AcademyMomentum Systems
Academy
Momentum and Impulse
Level 1 - Physics topic page in Momentum Systems.
Principle
Impulse is the time-integral of force, and it equals the change in momentum.
Notation
\(\vec{p}\)
linear momentum
\(\mathrm{kg\,m\,s^{-1}}\)
\(m\)
mass
\(\mathrm{kg}\)
\(\vec{v}\)
velocity
\(\mathrm{m\,s^{-1}}\)
\(\vec{J}\)
impulse
\(\mathrm{N\,s}\)
\(\vec{F}\)
force
\(\mathrm{N}\)
\(\Delta t\)
time interval
\(\mathrm{s}\)
Method
For a fixed-mass particle, Newton's second law can be written as a momentum-rate equation.
Define momentum
\[\vec{p}=m\vec{v}\]
Force rate
\[\sum\vec{F}=\frac{d\vec{p}}{dt}\]
This is equivalent to \(\sum\vec{F}=m\vec{a}\) when mass is fixed.
Integrate force
\[\int_{t_1}^{t_2}\sum\vec{F}\,dt=\vec{p}_f-\vec{p}_i\]
Average force
\[\vec{F}_{\mathrm{avg}}\Delta t=\Delta\vec{p}\]
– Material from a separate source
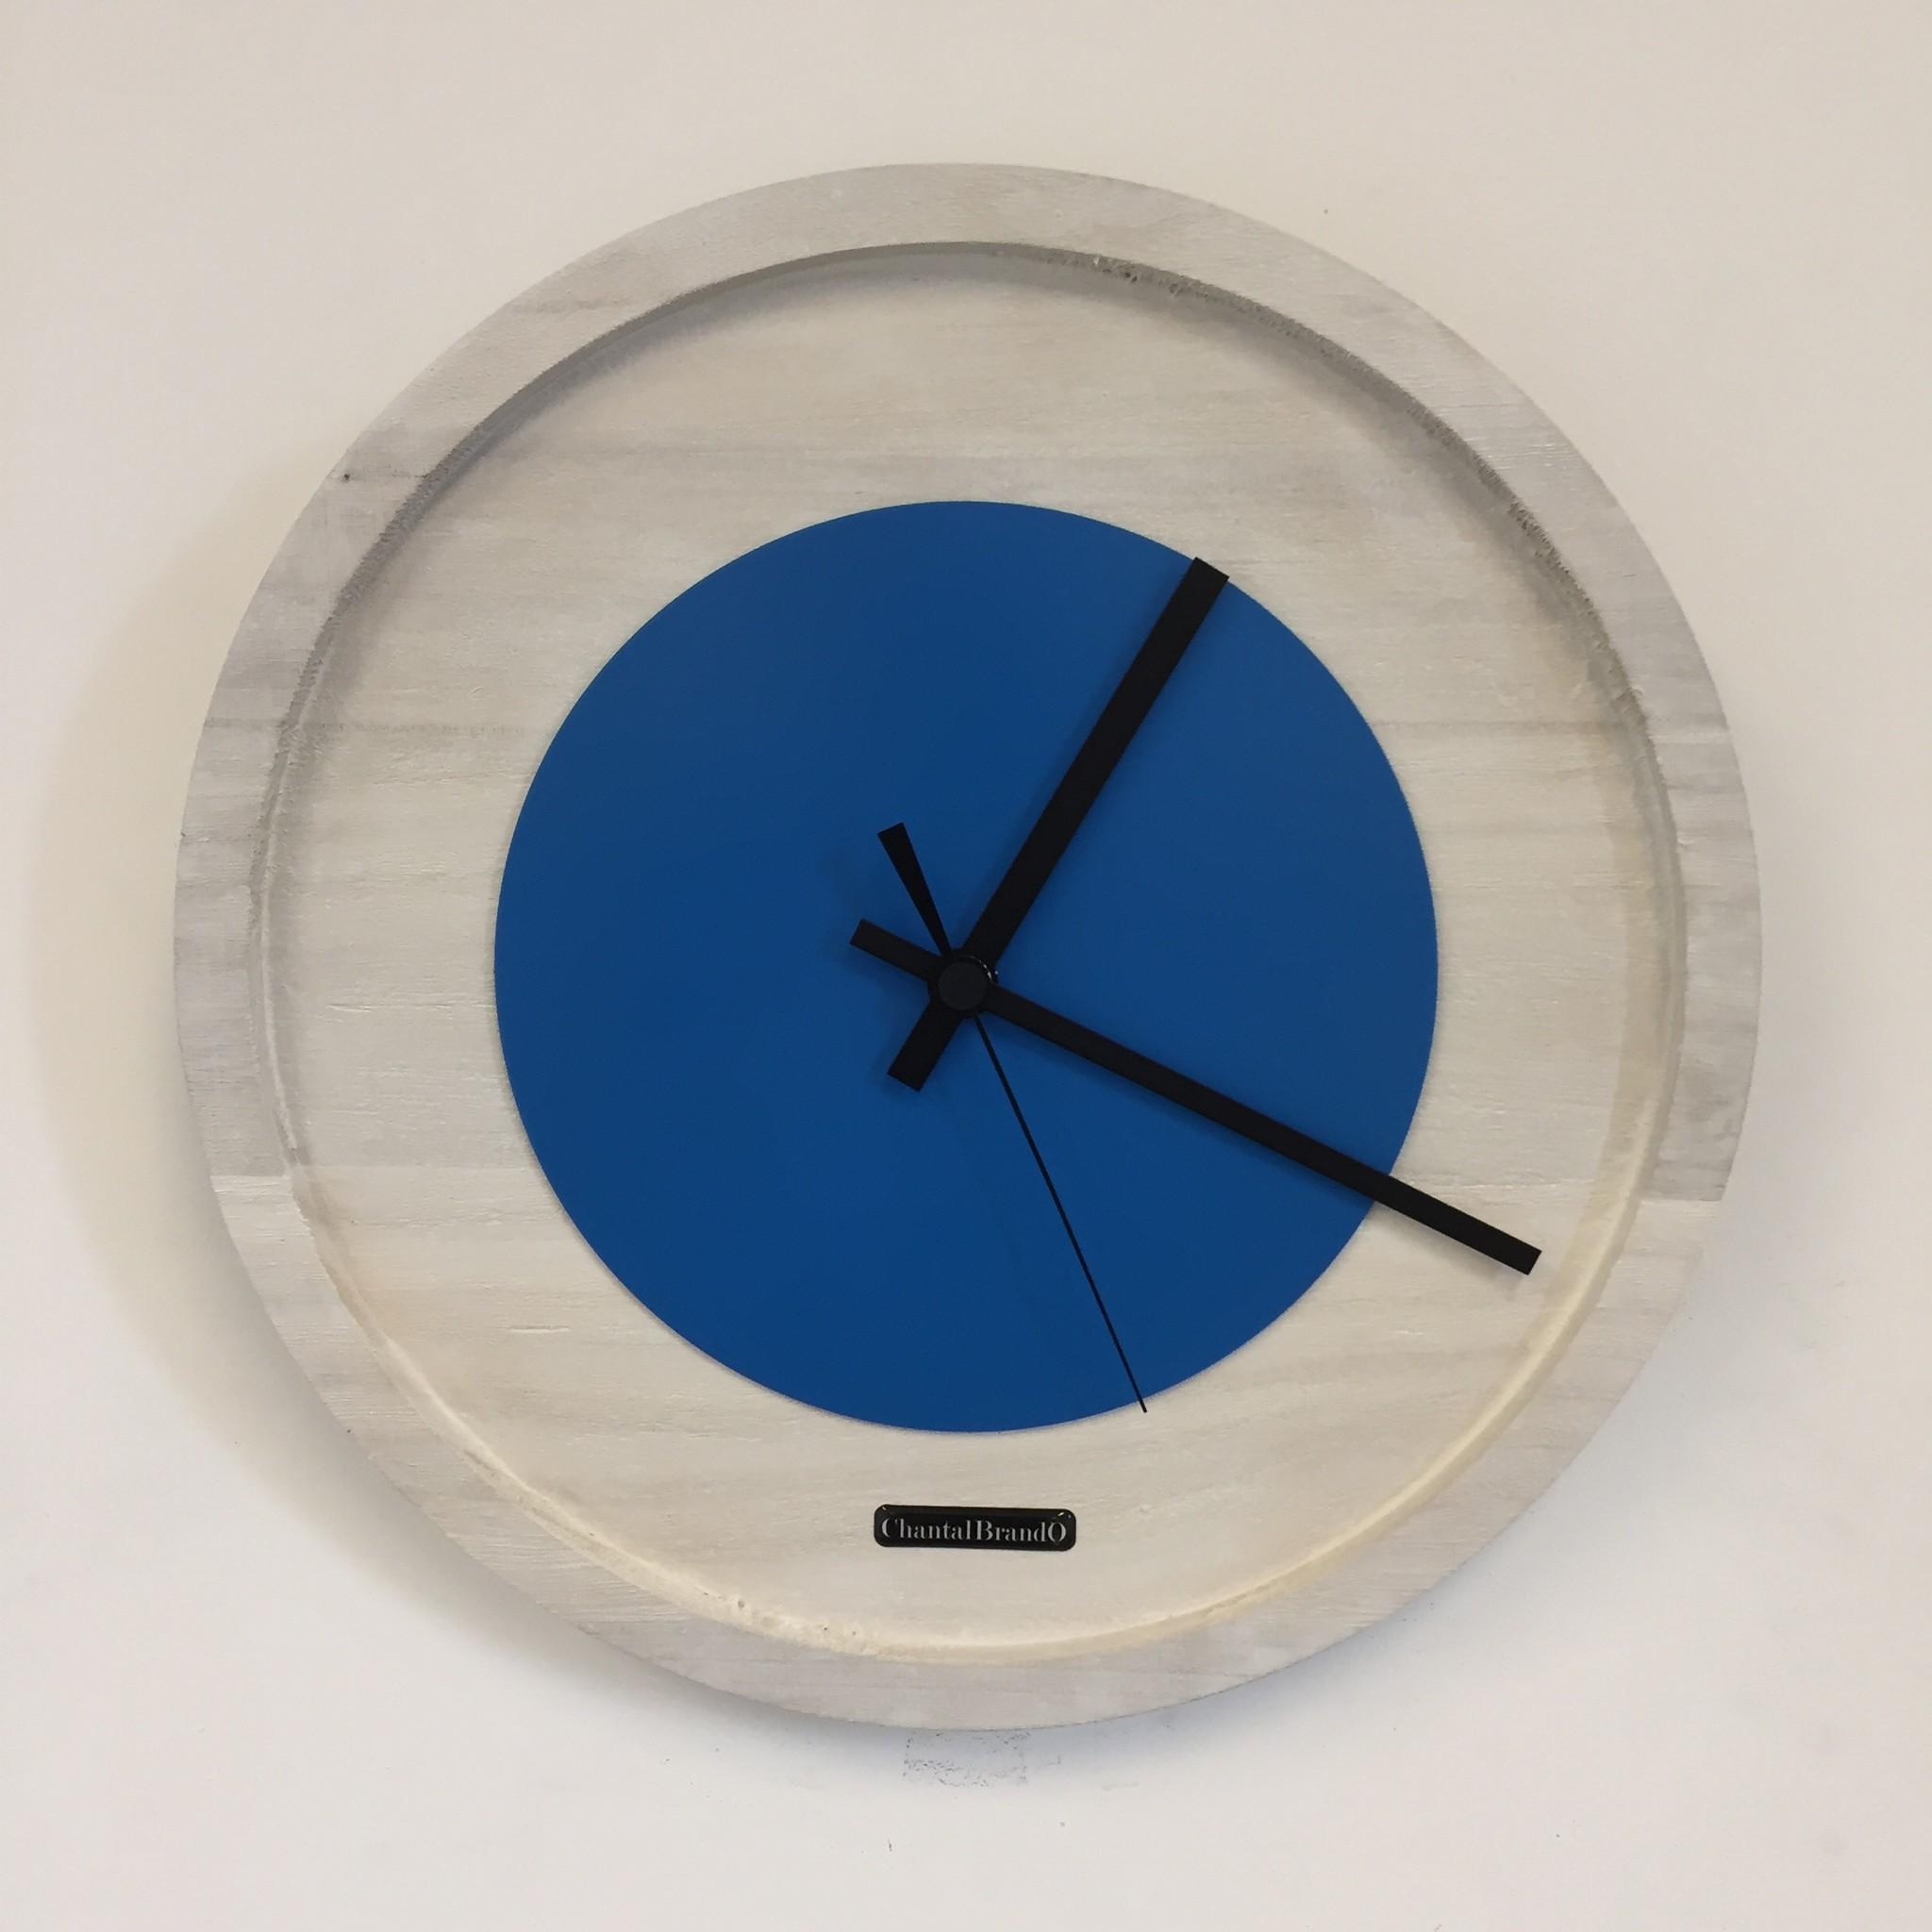 ChantalBrandO Wandklok Quinten White & Blue Modern Dutch Design

The force-time graph shows impulse as area under the curve, not as the peak force alone.
The same impulse can come from a high force over a short time or a lower force over a longer time.
Rules
These are the compact impulse-momentum results from the integration above.
Momentum
\[\vec{p}=m\vec{v}\]
Impulse
\[\vec{J}=\int_{t_1}^{t_2}\vec{F}\,dt\]
Impulse momentum
\[\vec{J}=\Delta\vec{p}\]
Average force
\[\vec{J}=\vec{F}_{\mathrm{avg}}\Delta t\]
Examples
Question
A
\[0.30\,\mathrm{kg}\]
puck moving right at \[9.0\,\mathrm{m\,s^{-1}}\]
leaves left at \[3.0\,\mathrm{m\,s^{-1}}\]
Find the impulse on the puck.Answer
Take right as positive.
\[J_x=m(v_f-v_i)=0.30(-3.0-9.0)=-3.6\,\mathrm{N\,s}\]
The impulse is \[3.6\,\mathrm{N\,s}\]
left.Checks
- Momentum and impulse are vectors.
- \(\mathrm\{N\,s\}\) and \(\mathrm\{kg\,m\,s^\{-1\}}\) are equivalent units.
- Longer stopping time means smaller average force for the same momentum change.
- Use signed velocity, not speed alone.